In a recent discussion of modern media I noted that while there was a fair bit of anime that I did like, I had gotten a lot pickier about what was actually worthwhile and what was just trash. In and of itself, so what.

I followed that up though by noting that while there was a degree to which some old movies fell to childhood nostalgia disorder - they were fonder in my memory than the actual quality deserved - and others were better movies than I recalled, the number that were just outright ugly or propaganda, or excused or outright promoted degenerate behavior, shocked me.

Anyone remember Brokeback Mountain from the 90's? Still haven't seen it, still don't plan to.

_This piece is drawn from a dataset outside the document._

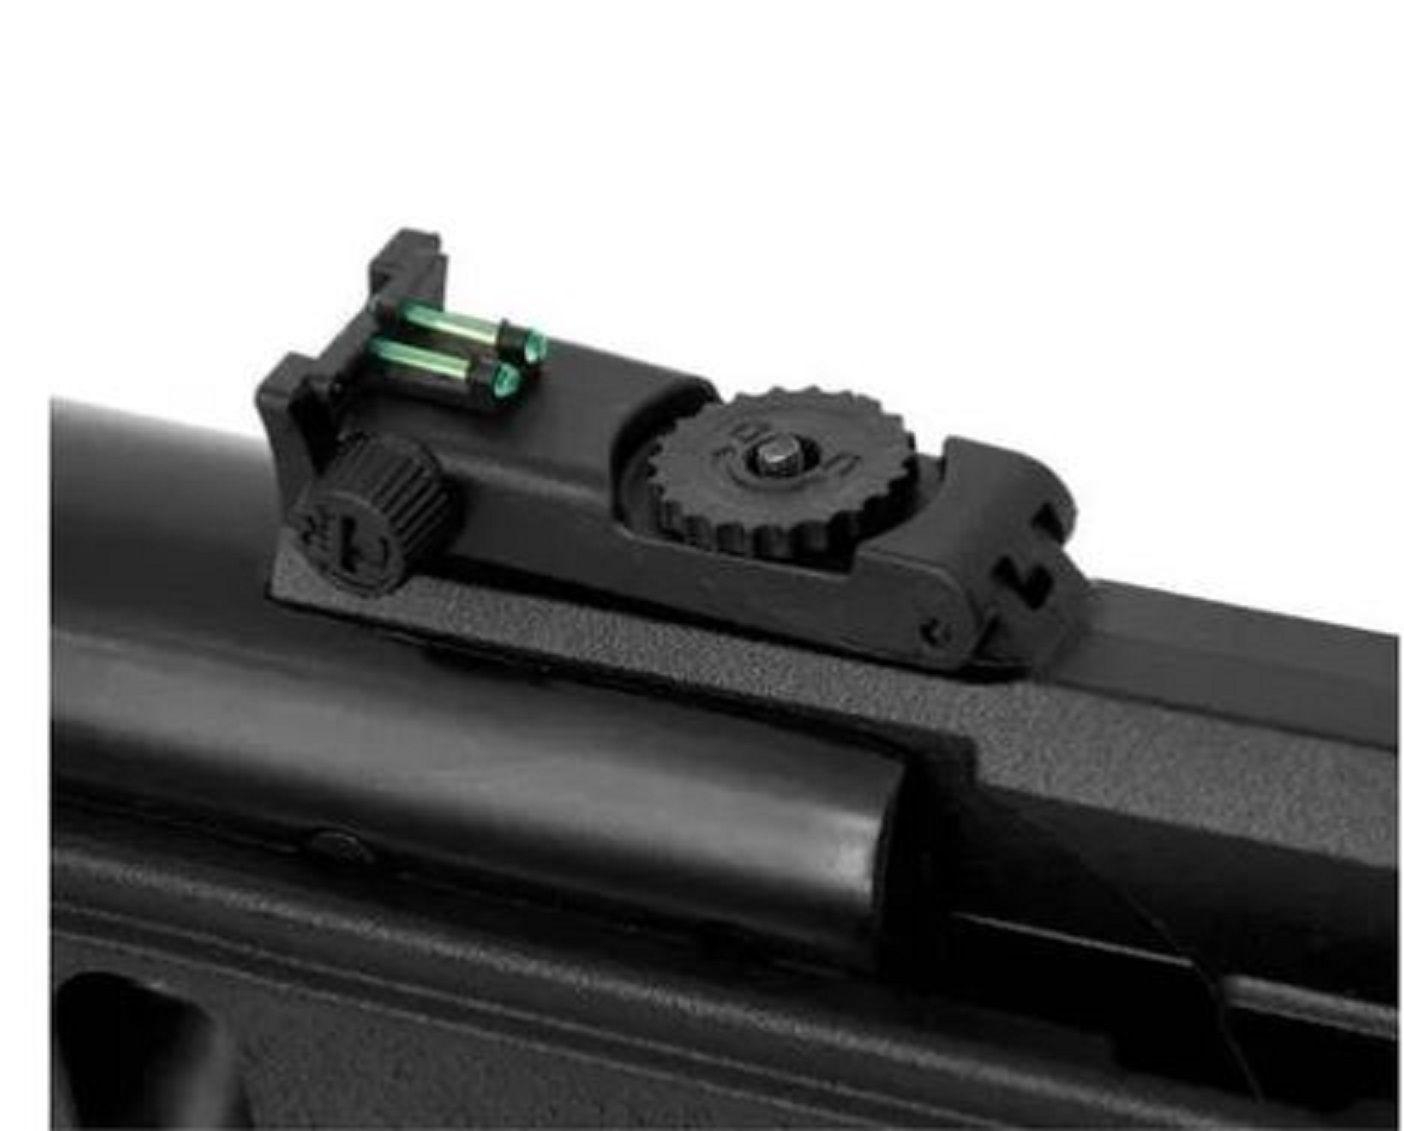 Carabina de Pressão CBC 5.5mm Jade Pro OX PP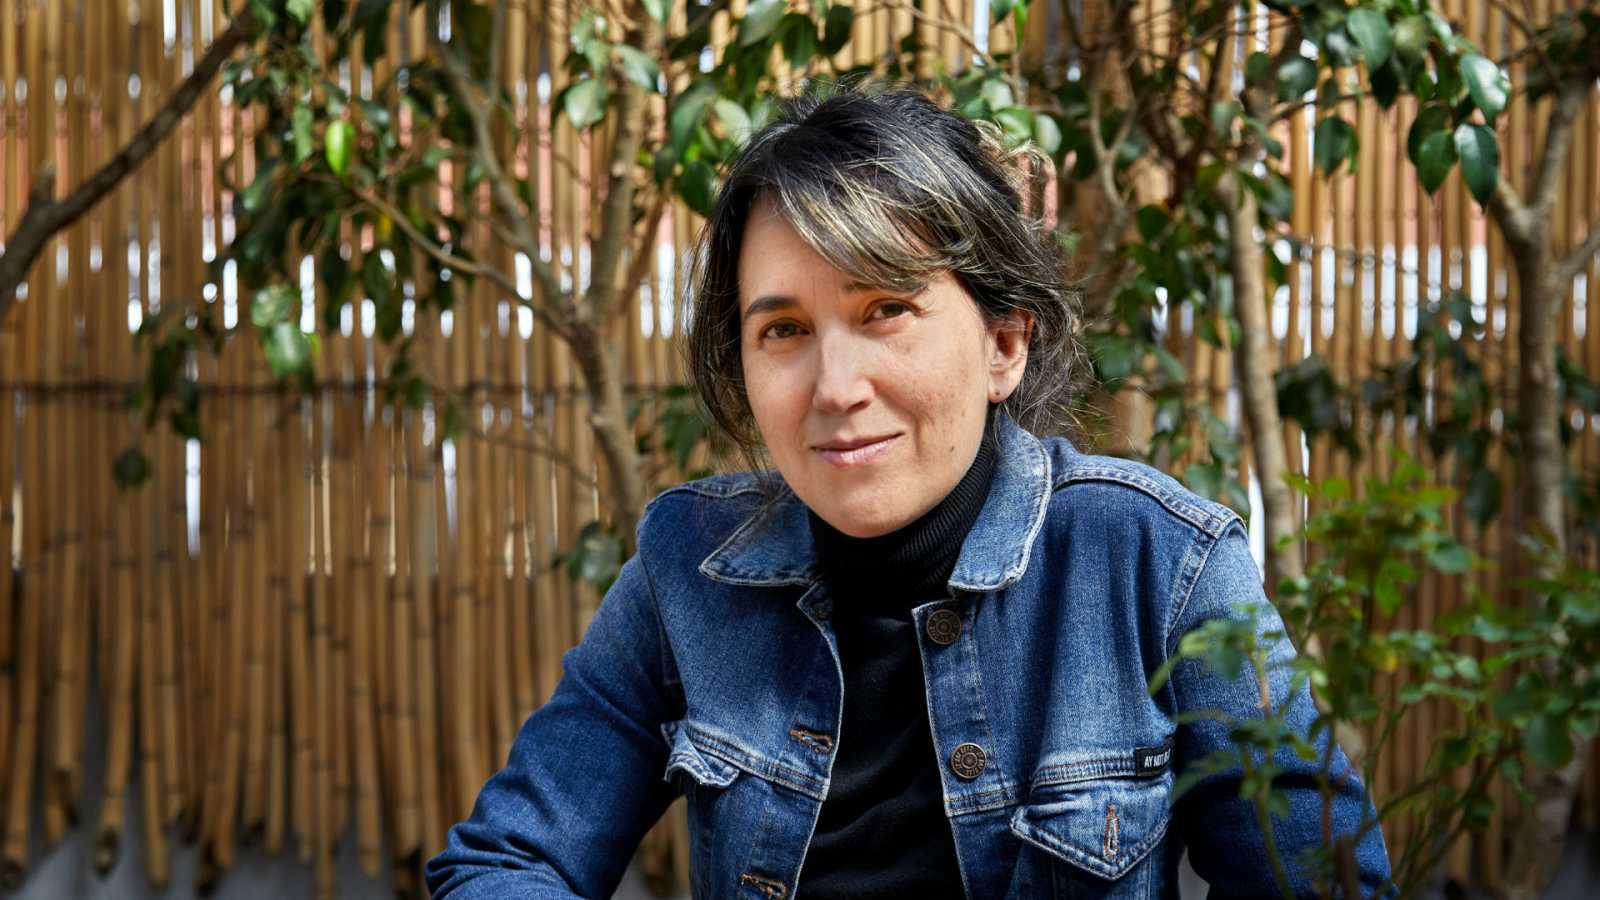 Libros de arena - Gabriela Ponce - 21/08/20 - escuchar ahora

But I did get sucked into watching Pleasantville. That said, given the recent law changes in New York, and proposed laws in VA, perhaps a look at Cider House Rules is in order.

Courtesy of Black Pilled:

I don't think I've read any John Irving, and since he wrote the book the movie was based on, I have no intention of starting now.

I think more attention deserves to be focused on how, like many movies of the period and since, it portrays an adventurous adulterous fling as a good thing.

Also, for a bit of masterful, and literally Satanic, propaganda, his video on the movie Pleasantville is definitely worth your while. I'd seen this movie and had caught a number of the allegories, but had missed the visual metaphor for multiculturalism, and despite some familiarity with the occult, had only vaguely caught the outright satanic inversion of the garden of eden story.